• Supplied data:
○ ○ ○ ○
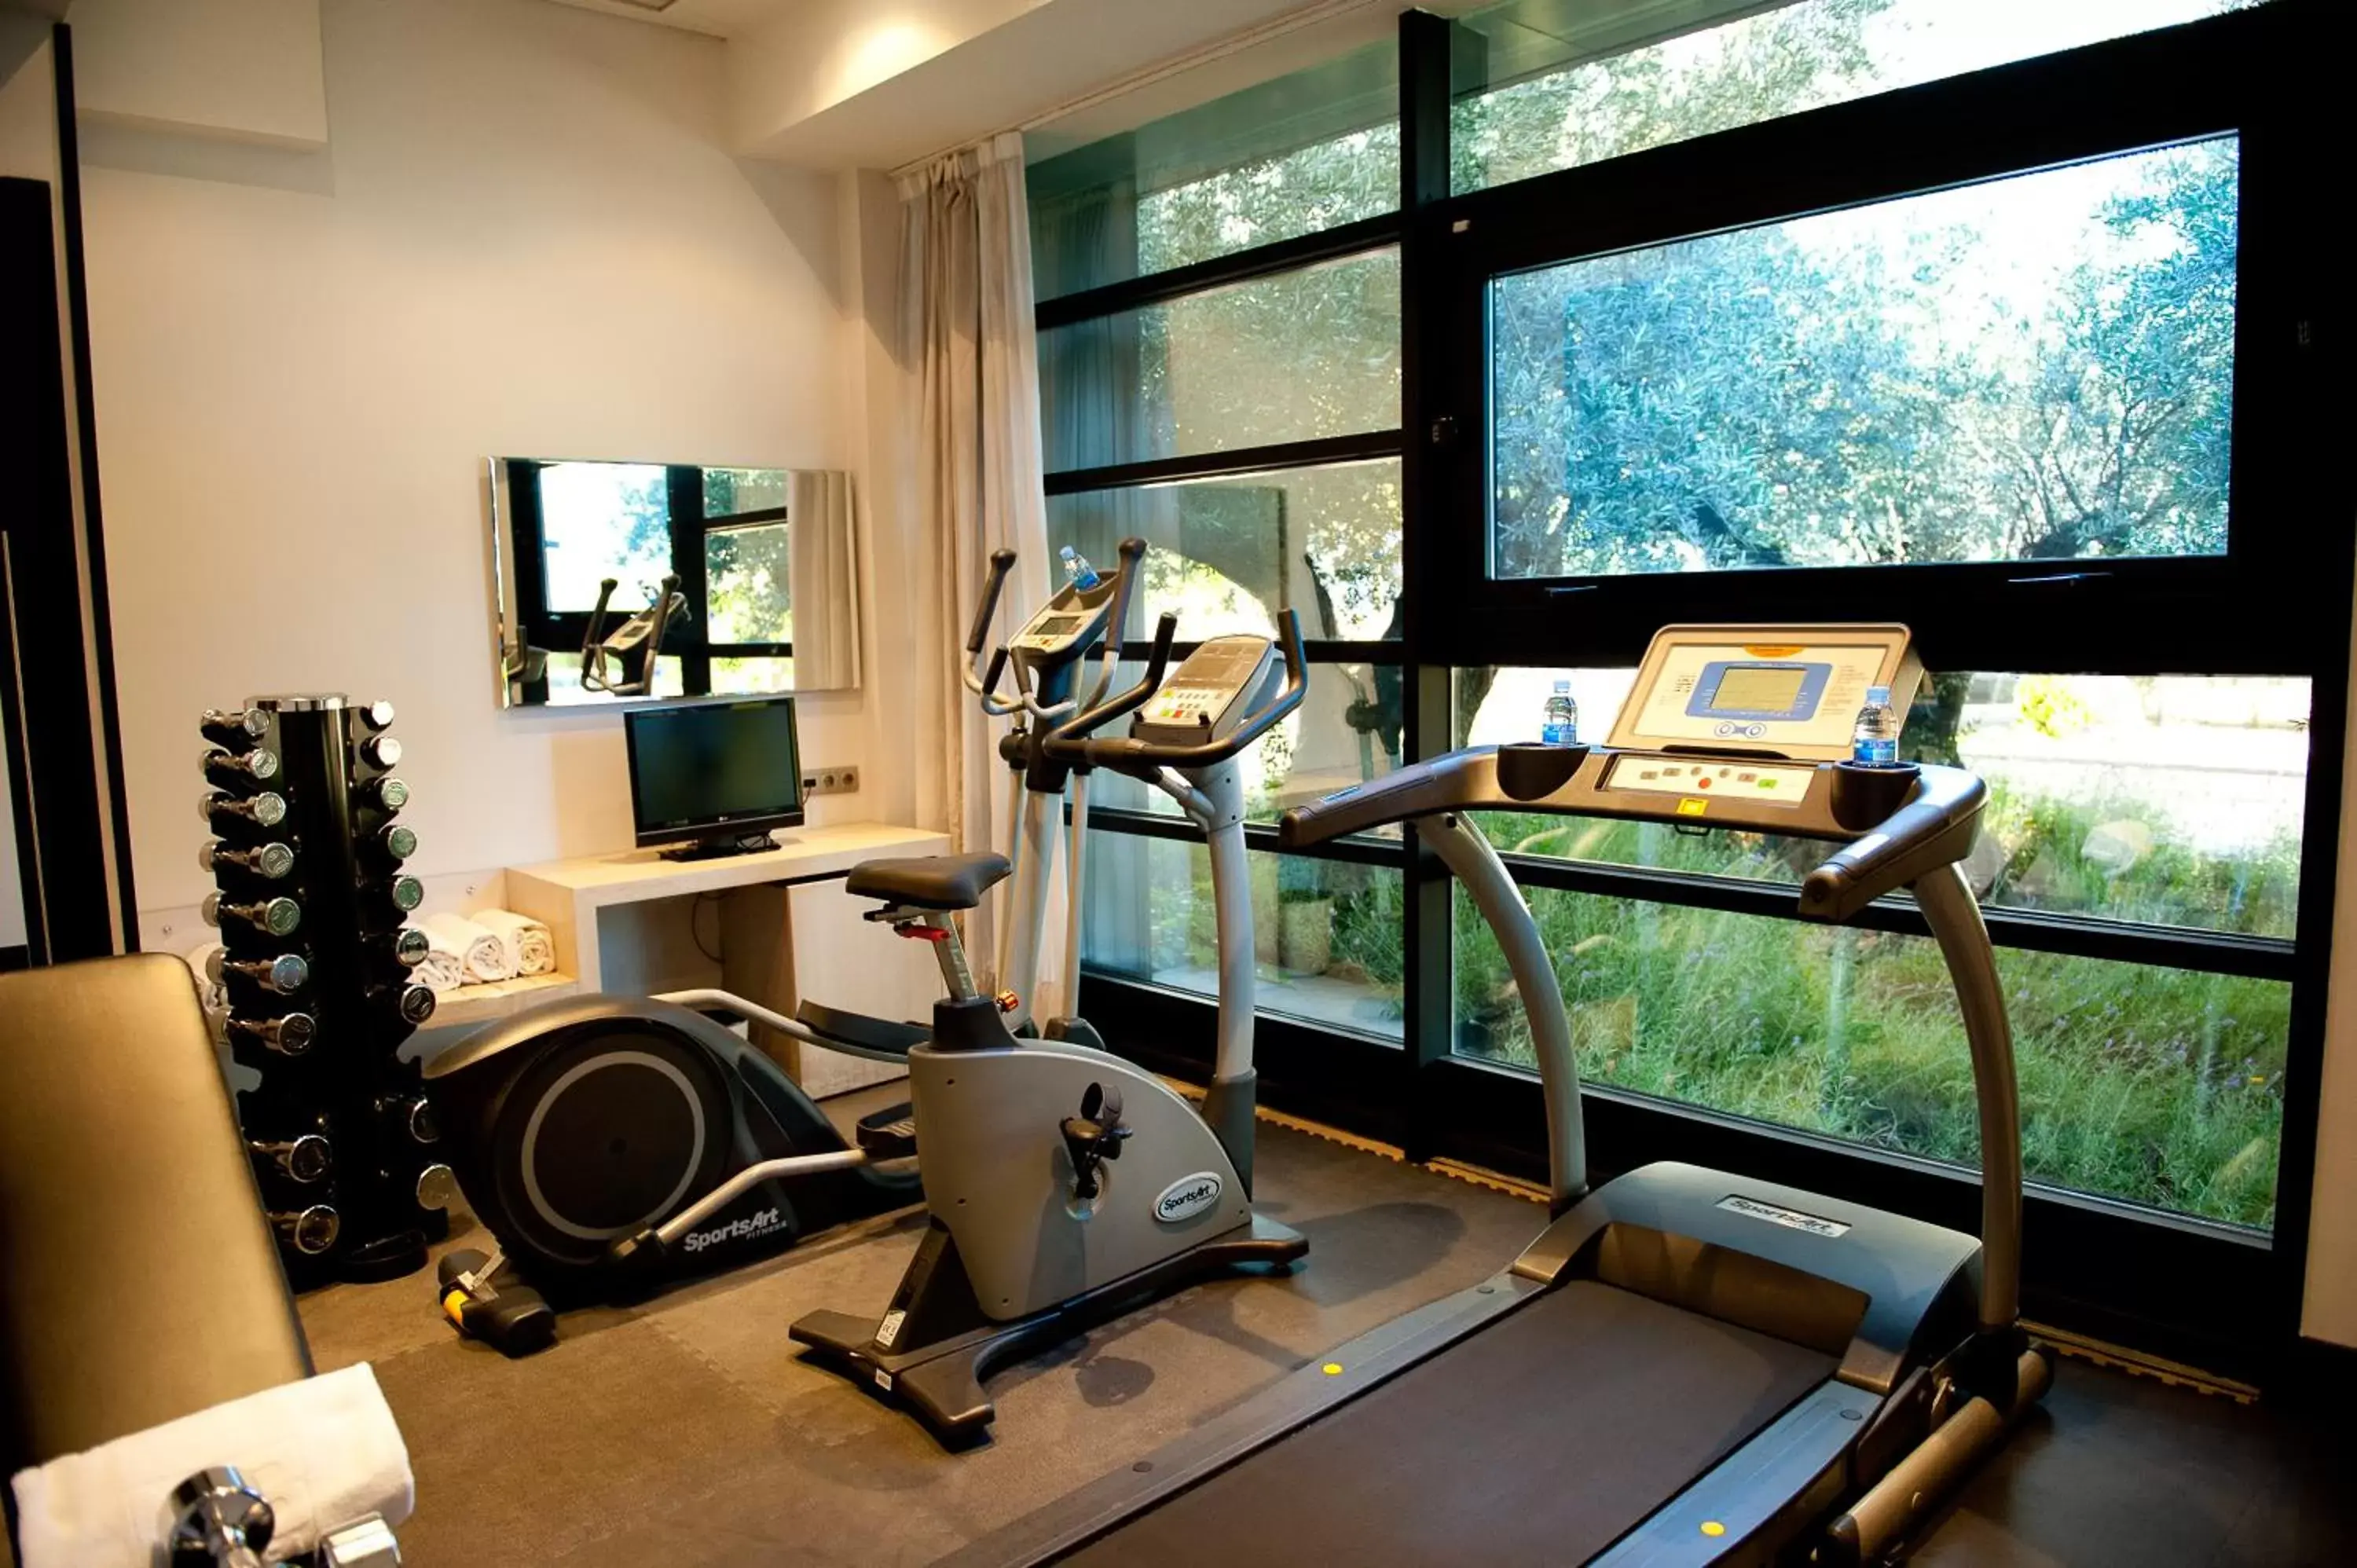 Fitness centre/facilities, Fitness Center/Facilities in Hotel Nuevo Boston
○ ○ ○ ○
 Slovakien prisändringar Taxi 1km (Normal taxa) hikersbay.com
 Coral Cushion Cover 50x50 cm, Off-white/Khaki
○ ○ ○ ○
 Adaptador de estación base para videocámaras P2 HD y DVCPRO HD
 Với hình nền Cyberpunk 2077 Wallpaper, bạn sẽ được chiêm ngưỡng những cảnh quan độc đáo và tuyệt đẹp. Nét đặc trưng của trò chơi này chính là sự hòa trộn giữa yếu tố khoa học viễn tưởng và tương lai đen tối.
○ ○ ○ ○
• Problem statement:
Print, without alteration, only the lines above between the one holding "Slovakien prisändringar Taxi" and the one holding "Coral Cushion Cover", inclusive.

• Solution:
 Slovakien prisändringar Taxi 1km (Normal taxa) hikersbay.com
 Coral Cushion Cover 50x50 cm, Off-white/Khaki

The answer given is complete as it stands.